Orchestras find a new audience with live film scoring
A short time ago in a place just a freeway ride away, 18,000 kids, both young and old, were welcomed to the Hollywood Bowl for a theatrical experience like no other. For four nights in August, the Los Angeles Philharmonic and conductor David Newman performed the epic "Star Wars" scores live along with the movie at the iconic venue.
CBS News contributor Jamie Wax spoke with composers and musicians about the challenge, thrill and growing trend of live movie scoring.
"It's exactly the opposite of what you would think it would be," Newman said. "Performing film music, you need to be more aggressive, in a way. And that doesn't mean loud or soft, necessarily, even if it's soft it just needs to be really focused."
Newman has composed the scores of almost 100 films. His father, the pioneering Hollywood composer Alfred Newman helped define the genre during a 20-year run as music director at 20th Century Fox.
Newman says the trend of live film scoring is huge. Five years ago two companies began taking these concerts on the road. Cineconcerts, which produces shows in 48 countries, screened "Gladiator" in Rome at the Colosseum and "Harry Potter" at Royal Albert Hall in London. The company Film Concerts Live works with orchestras around the world to display 16 movies, including six scores composed by John Williams.
"I think my father's generation, even John's generation, just are absolutely flabbergasted by this. Film music was always the kind of second, third, fourth you know, it was really looked down on," Newman said.
Back in 1980, according to Newman, orchestras had no interest in playing film music because they didn't think it was very good. That slowly began to change with "Star Wars."
When John Williams, who studied under Alfred Newman at Fox, took over the Boston Pops, he used the orchestra to present new compositions for "The Empire Strikes Back."

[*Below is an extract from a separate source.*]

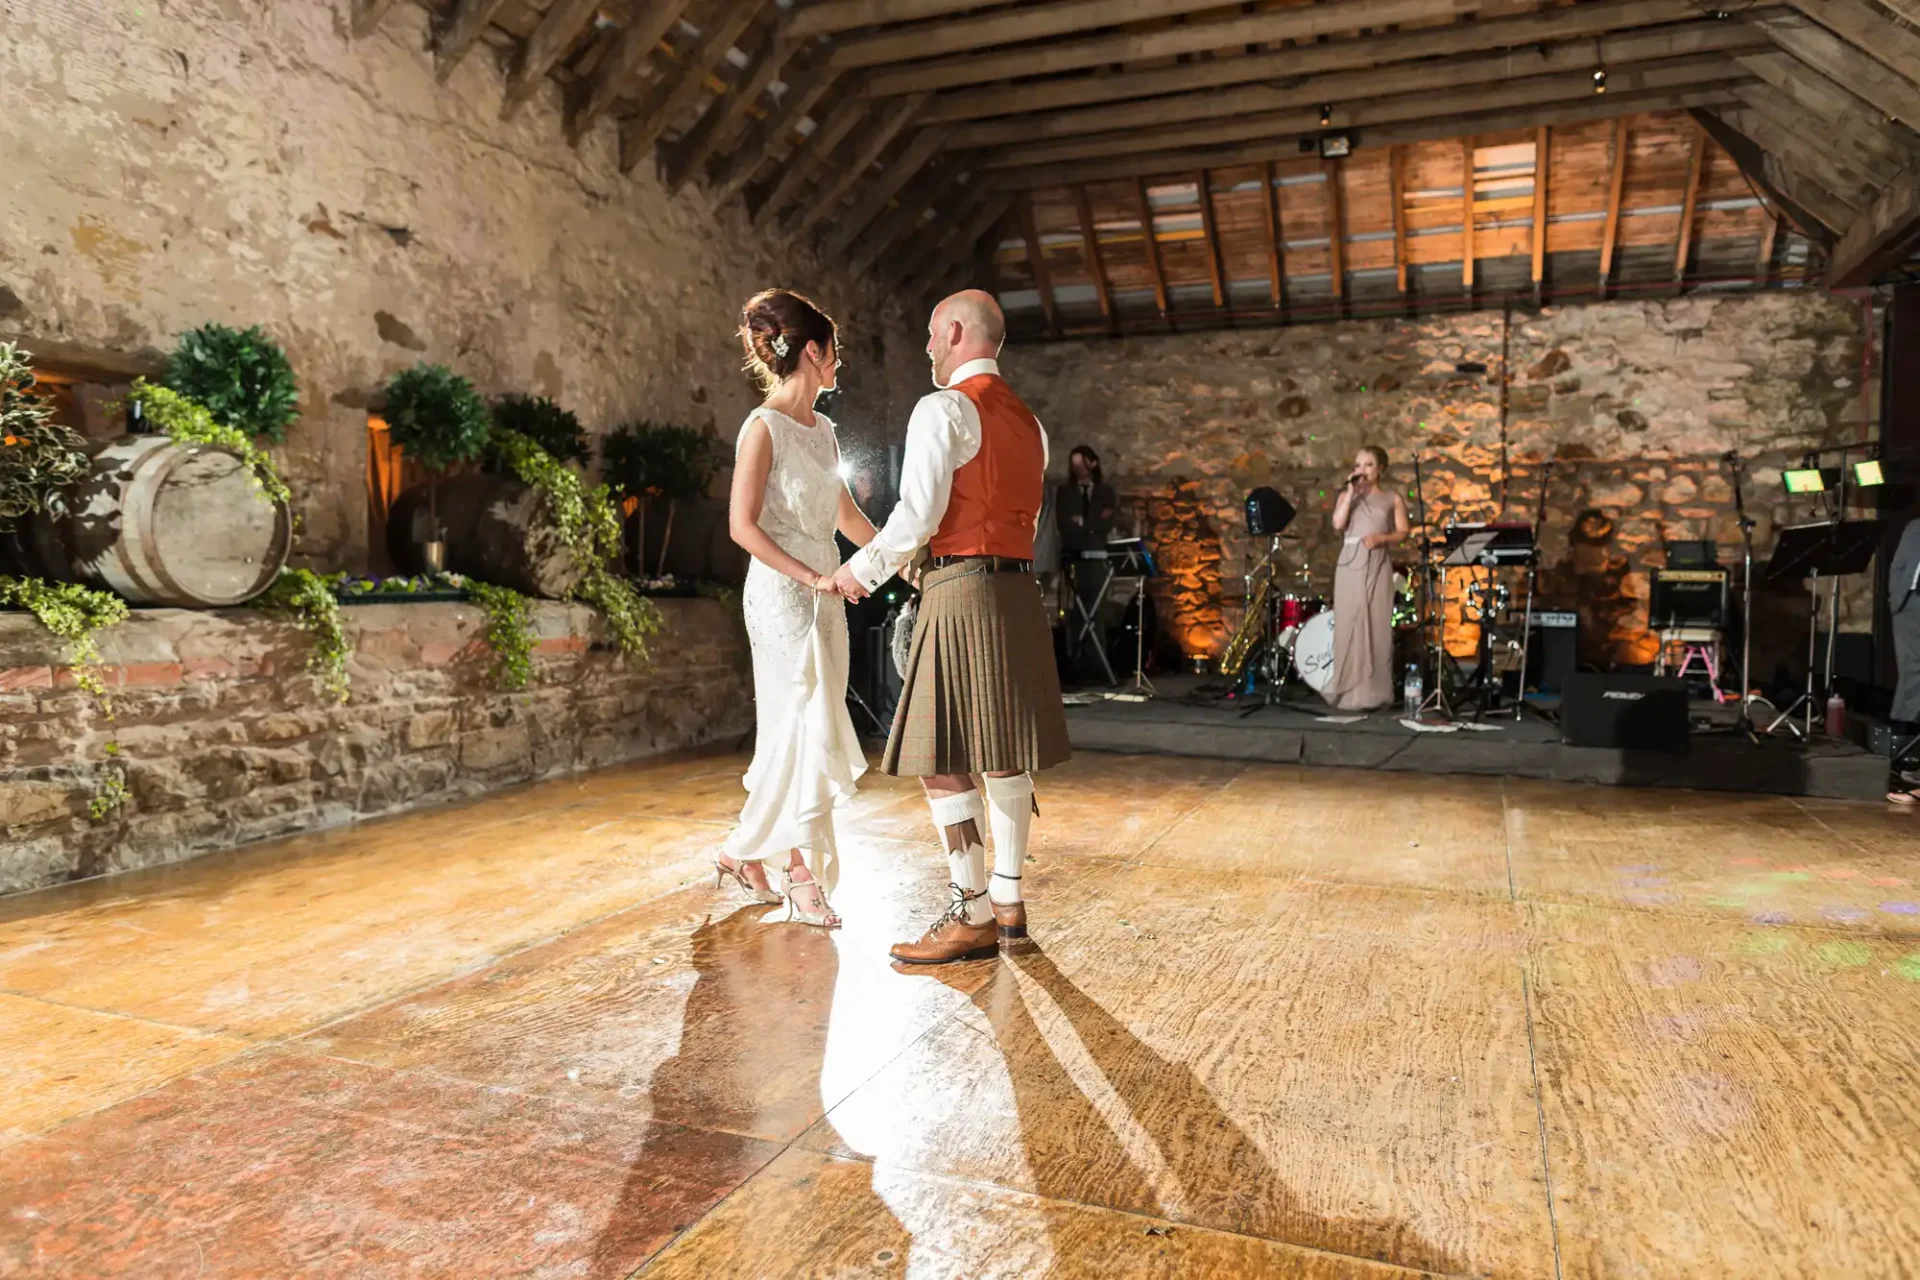 A bride and groom in traditional scottish attire share a dance in a rustic barn venue with a live band in the background.

"And then year after year, he whittles away at it, teaches them what it is. I think what's happening now is unthinkable without John actually willing to go to the Boston Pops and deal with that," Newman said.
Pianist Joanne Pearce Martin has been with the Los Angeles philharmonic since 2001.
Asked if there was pushback to playing film scores now, Martin said, "I think it's important to keep future generations interested, and this is one excellent way to do it. And it's beautiful music. I mean, we enjoy playing it."
"I think there's something to be said for being a performer and having people applaud. That's always nice, right? But when Darth Vader comes onto the screen and you have 18,000 people booing at you, at the top of their lungs, that leaves a mark," said Christopher Still, who has been with the orchestra since 2007.
These concerts may be a sign of our times, but David Newman notes that film scoring can be traced back to some of the great classical composers of the 1930s.
"All these really famous Europeans who are fleeing Europe come to Hollywood but they're not willing to make the music subservient to the film… So I think that generation now, seeing what's happening i think they would be elated," Newman said.
Newman is encouraged the art form he's spent a lifetime pursuing is being enjoyed by fans not commonly associated with orchestral music.
"It is always a combination of a bunch of moving parts to make something greater than all the parts put together and there's something profoundly meaningful about that. I don't know how to describe it any other way. When it works…There's nothing artistically that I've ever come across that's like that."